Tsar Samuil is not simply a historical figure – he is an important part of nationalistic claims in both countries. On the one hand, the official doctrine of Macedonia is inspired by the propaganda of Tito’s communist Yugoslavia, which claims that the Tsar Samuil was the head of a Macedonian empire. This allegation is based on the geographic scope of the empire, which included lands from the Black Sea to the Adriatic, where southwestern cities such as Ohrid were of crucial importance. In addition, Macedonian scholars tend to emphasize the cultural, social and linguistic distinctiveness of Tsar Samuil’s empire, in order to support the claim that Macedonians have long been a separate nationality with their own distinct language and history. However, Bulgarian scholars emphasize the fact that allegedly the Tsar Samuil used the word Bulgarian to describe himself and his kingdom. This latter interpretation supports the popular belief in Bulgaria that Macedonians are in fact Bulgarians by origin.

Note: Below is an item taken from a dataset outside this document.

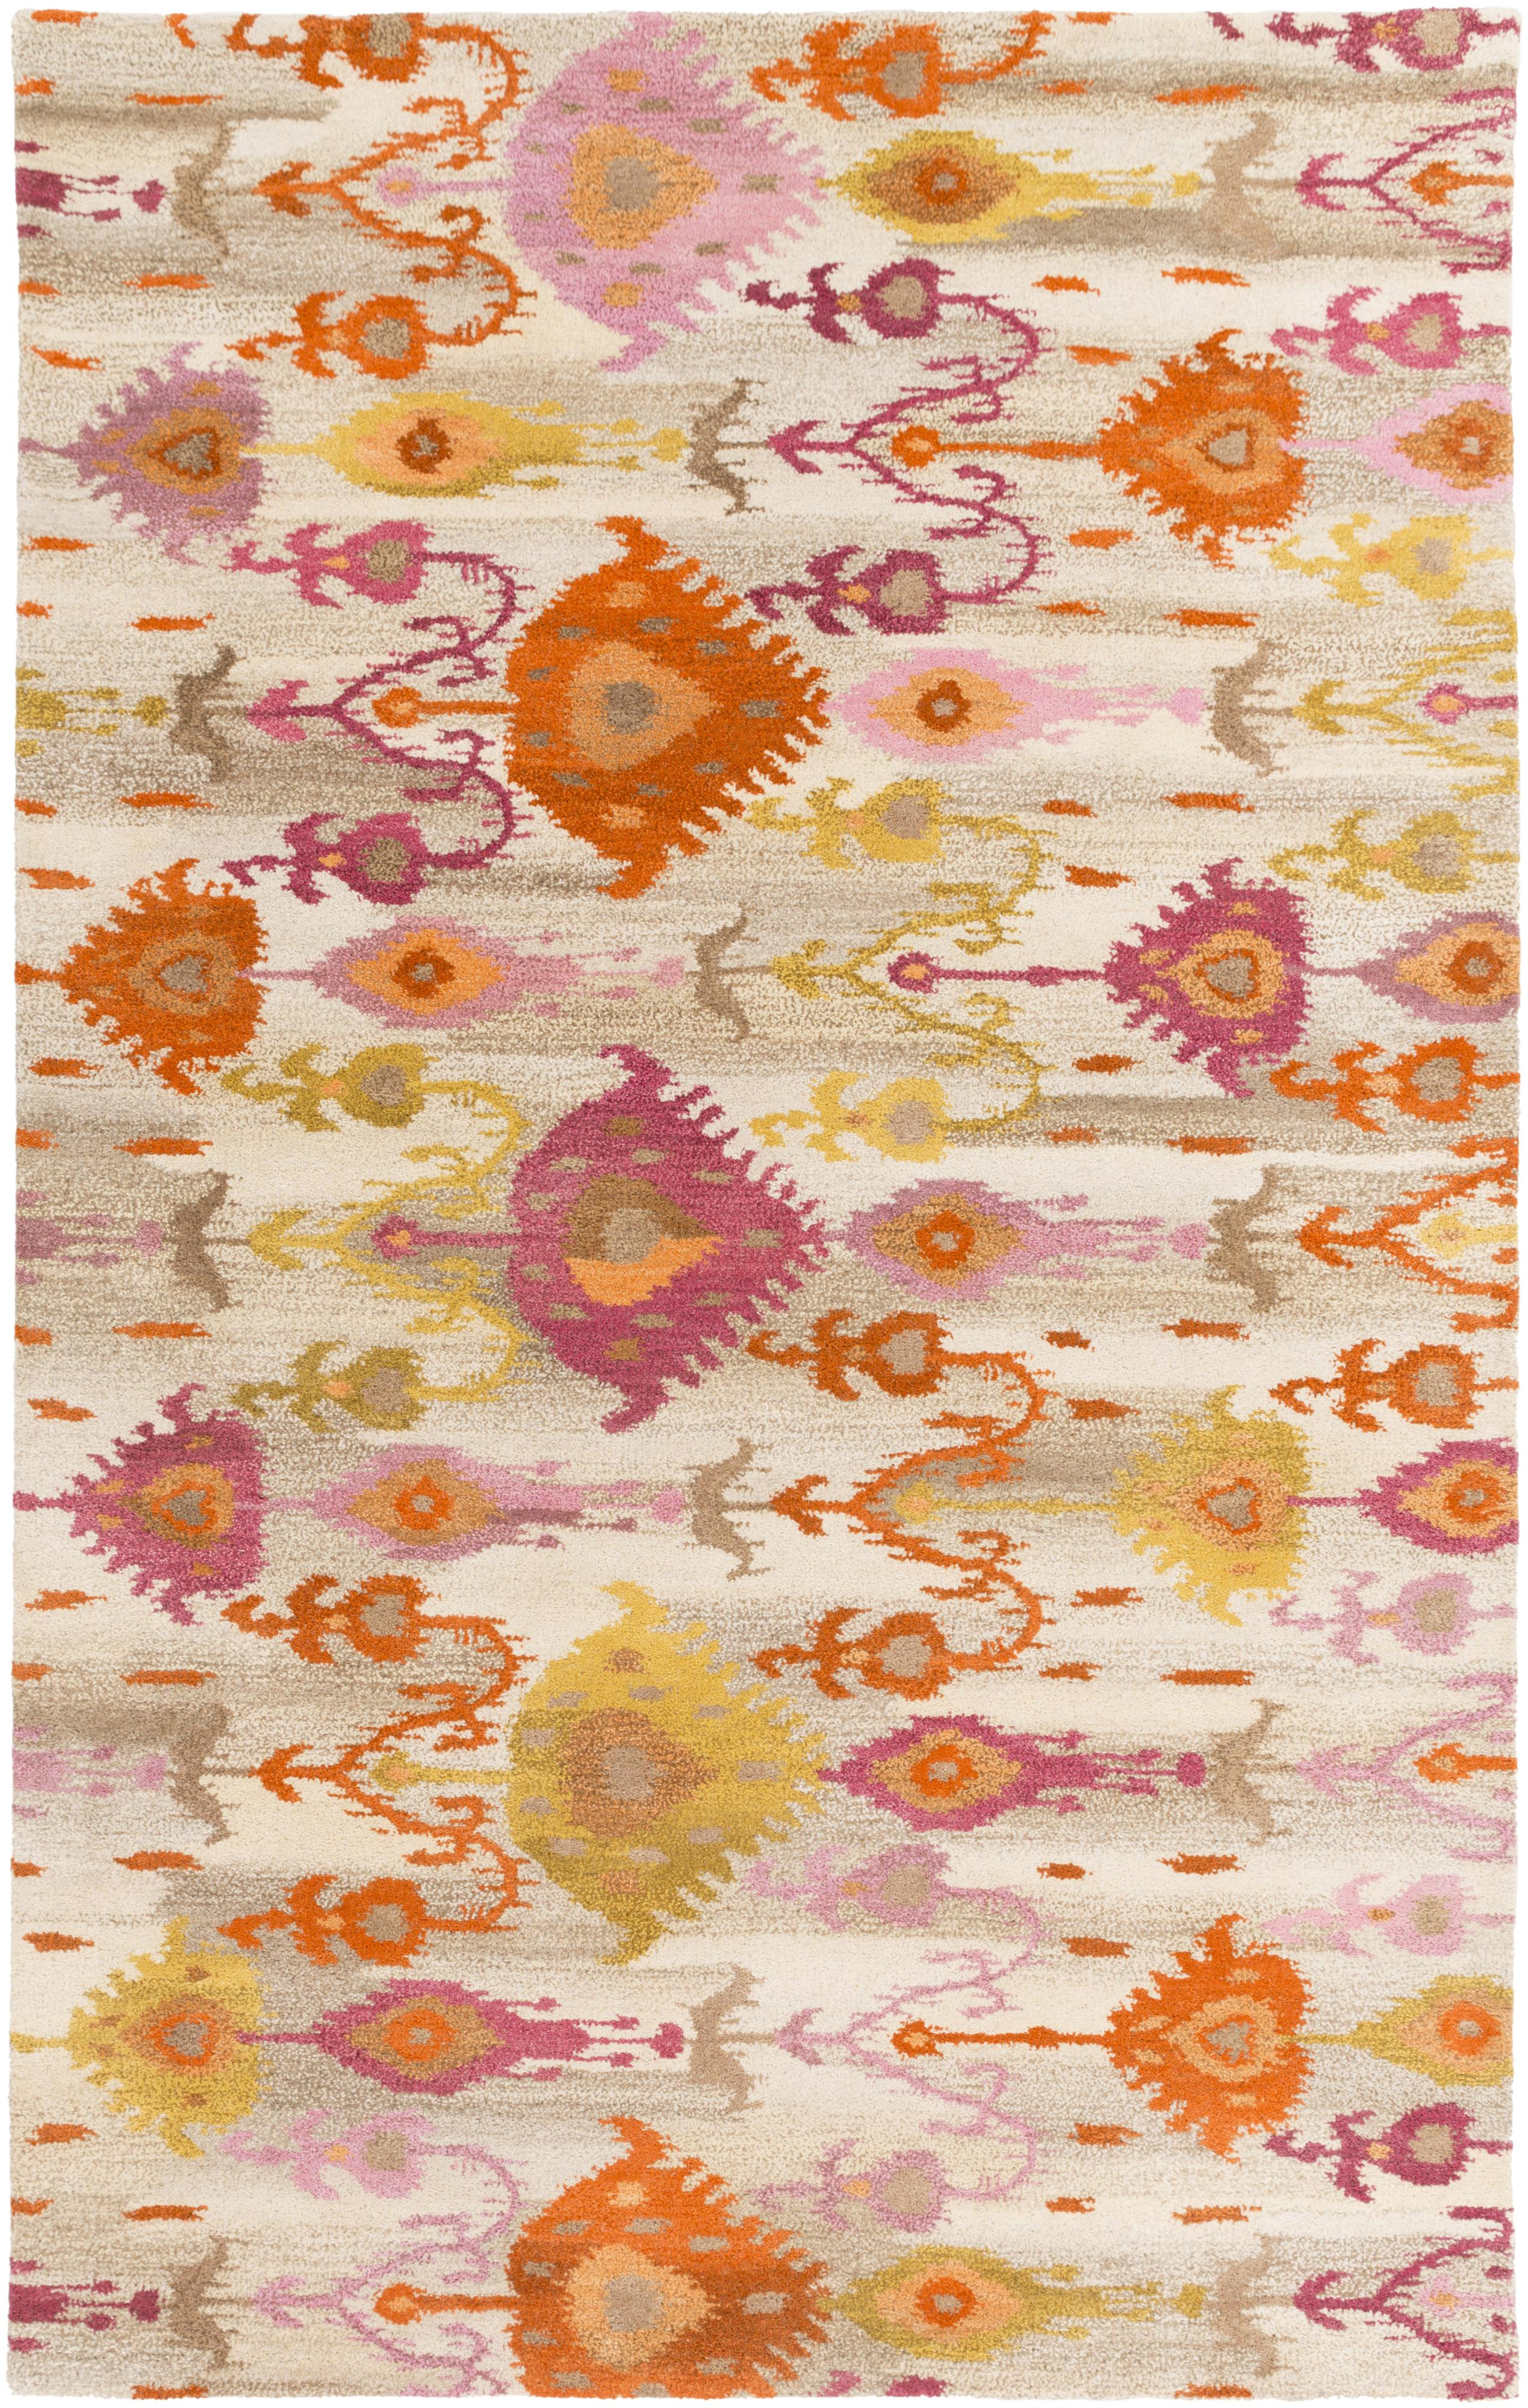 Surya Surroundings 5' x 8' - Item Number: SUR1016-58

While Bulgaria recognized the existence of a Macedonian state in 1991, it has still not confirmed the existence of a Macedonian identity or a Macedonian language, which is believed to be a dialect of Bulgarian. The tension between the two countries on this subject has been so significant that in 2012 the European Parliament urged the Republic of Macedonia to create a joint expert committee with Bulgaria in order to tackle the sensitive issue of history education in the two countries.

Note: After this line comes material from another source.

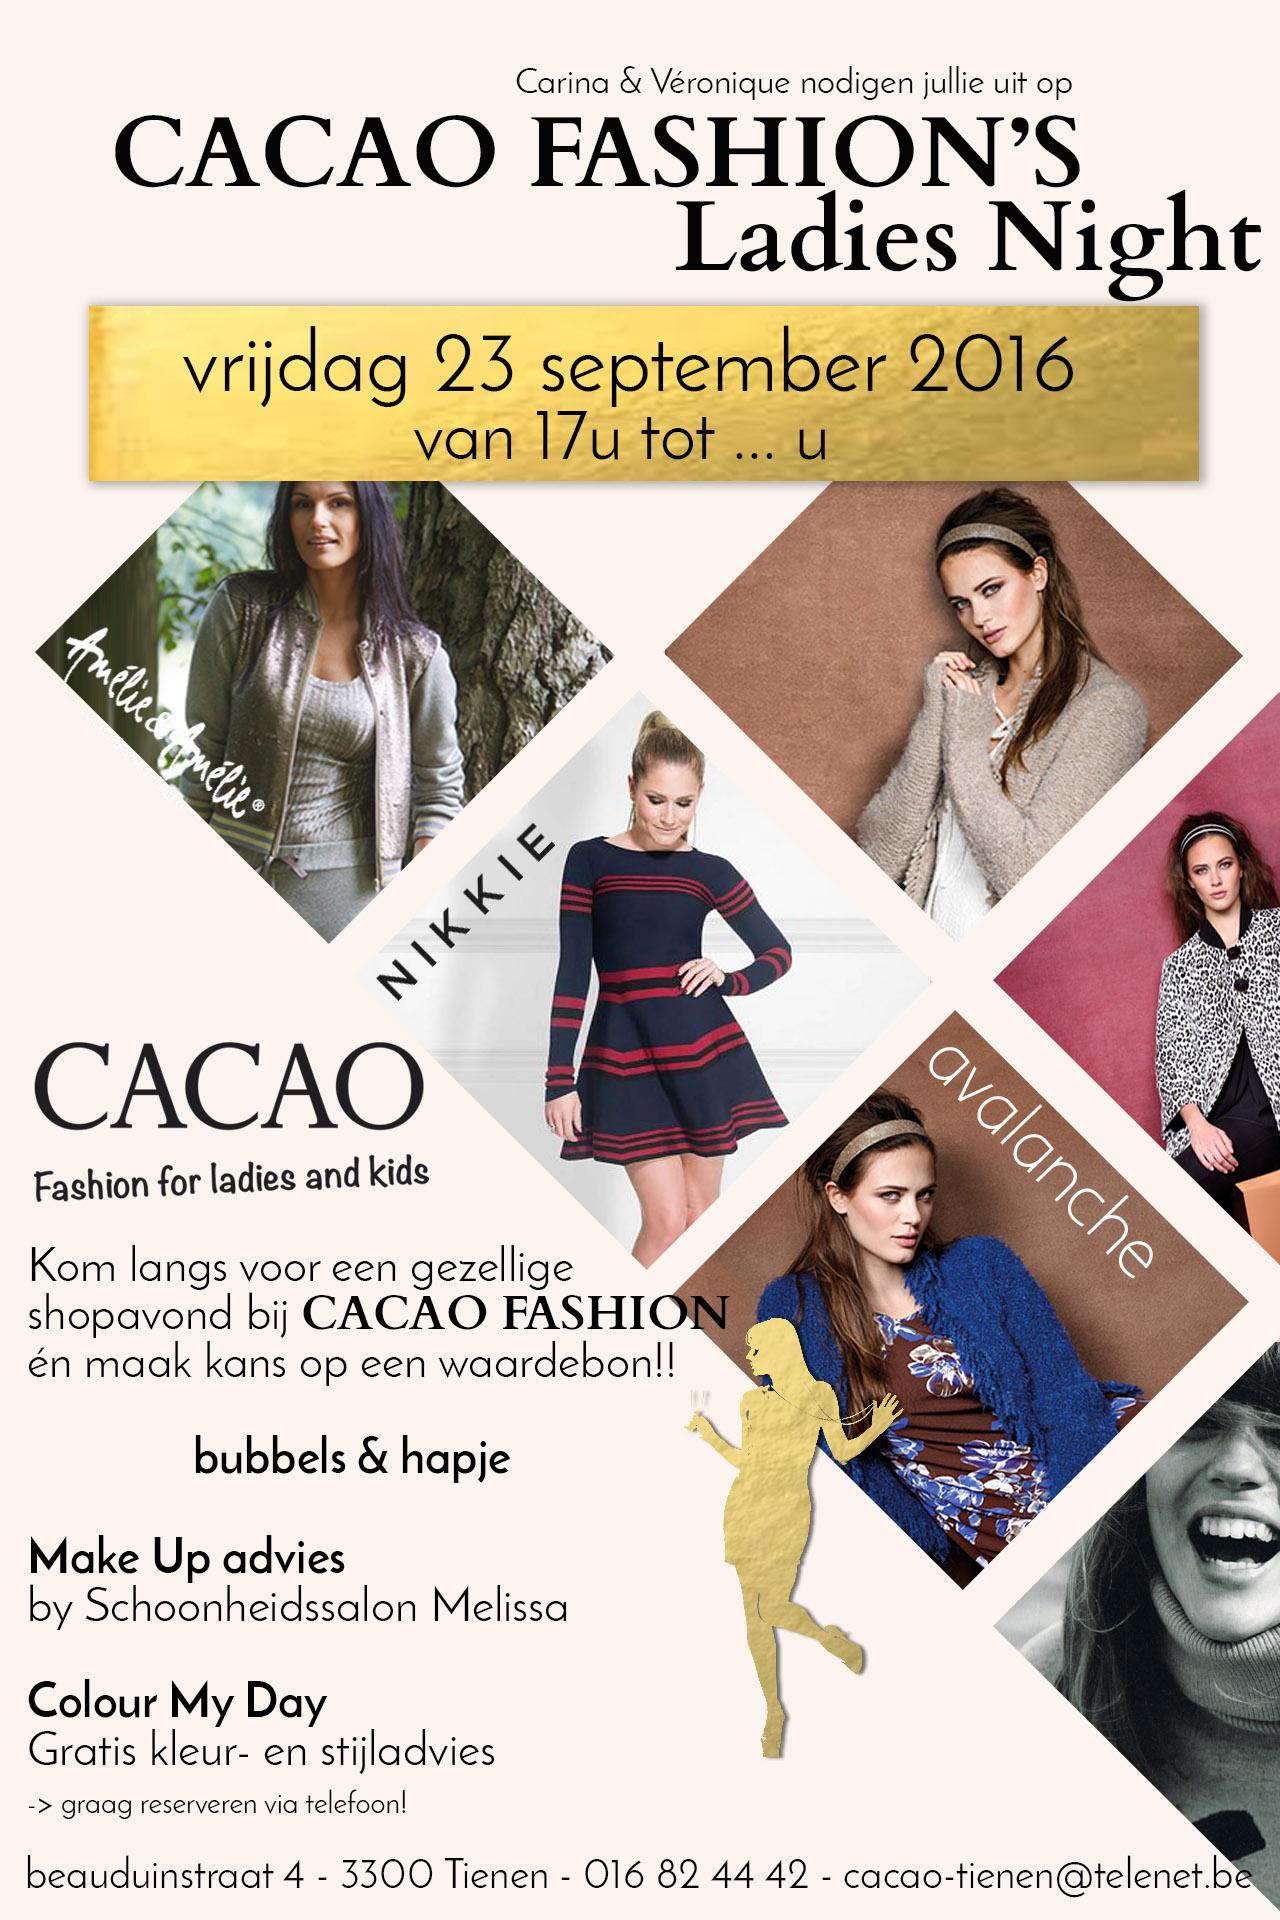 flyer-ladies-night-cacao-fashion_3-bubbels-en-hapje

An incarnation of nationalistic claims
Samuil was the Tsar of the First Bulgarian Empire from 997 till 1014, succeeding Emperor Roman I, who died childless. Before becoming tsar, he co-ruled the empire with Roman I, as leading commander of the imperial army. He was known as a great strategist, having won many victories and thus expanding the Bulgarian empire. Notably, his armies conquered European possessions of the Byzantine Empire, such as large parts of current-day Greece. By these victories, the Bulgarian Empire gained a considerable influence over most of the southwestern Balkans. However, from 1001 onwards, the war turned in favour of the Byzantines. Eventually, in 1014, the Bulgarians were completely defeated by the Byzantines at the Battle of Kleidion. According to legend, following the capture of the Bulgarian army, the Byzantine commander Basil II had 99 out of every 100 men blinded, with the remaining hundredth man left with one eye so as to lead his compatriots home. It is claimed that when Tsar Samuil saw the broken remains of his army, he suffered a heart attack and died. By 1018, the last Bulgarian strongholds had surrendered and the First Bulgarian Empire was abolished. Thus, the reign of Tsar Samuil coincides with the end of the First Bulgarian Empire. However, he is still seen as a great hero – two nations even argue as to who can rightfully claim his heritage. The two nations mentioned are Bulgaria and Macedonia.

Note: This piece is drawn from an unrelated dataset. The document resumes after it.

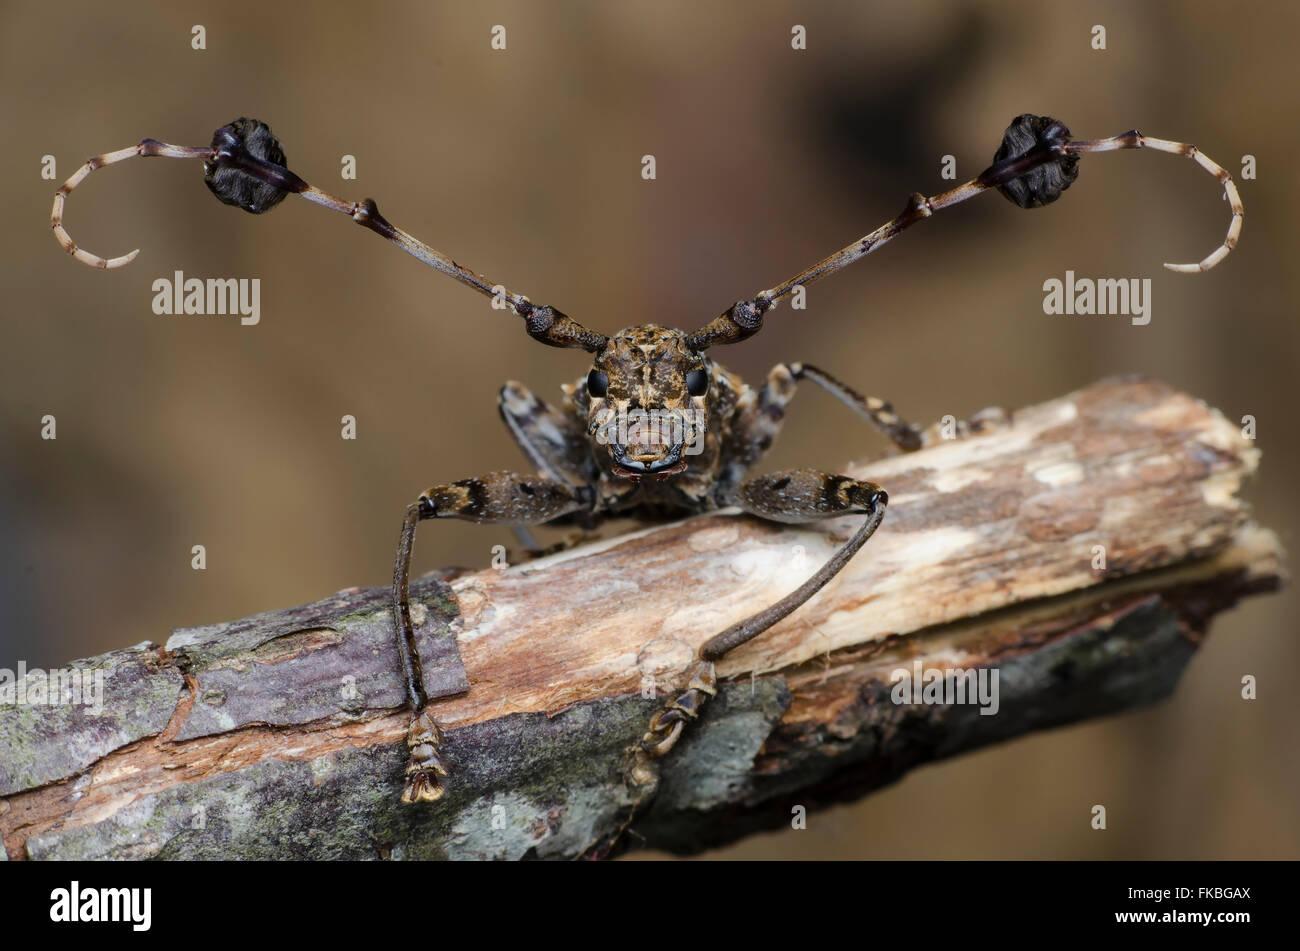 Longhorn beetle Photo Stock

Continued episodes of friction between the two countries
There have been multiple examples of animosity between the two countries due to disputes over the Tsar Samuil. In June 2011, as part of the Skopje 2014 project, a 5-meter marble statue of the Tsar Samuil was erected in Skopje. While the Bulgarian Foreign Ministry remained silent on the matter, the Bulgarian historian Bozhidar Dimitrov mocked the immense monument, declaring that “it is great to see neighboring states erect monuments of Bulgarian tsars”. As of January this year, it became clear that Sofia is in fact intending to erect its own monument of the famed Tsar, this in connection with the marking of the 1000th anniversary of his death. The monument will comport remnants of the Tsar, accorded to Bulgaria by the Greek government. This has caused strong reactions among Macedonian historians, who see it as “a joint attack on the part of Bulgaria and Greece and another blow to Macedonia’s history, future and EU integration process”.
It is thus clear that the ethnic affiliation of the Tsar Samuil is still a current and highly sensitive issue in the region, this despite the fact that the Tsar has been dead for a millennium.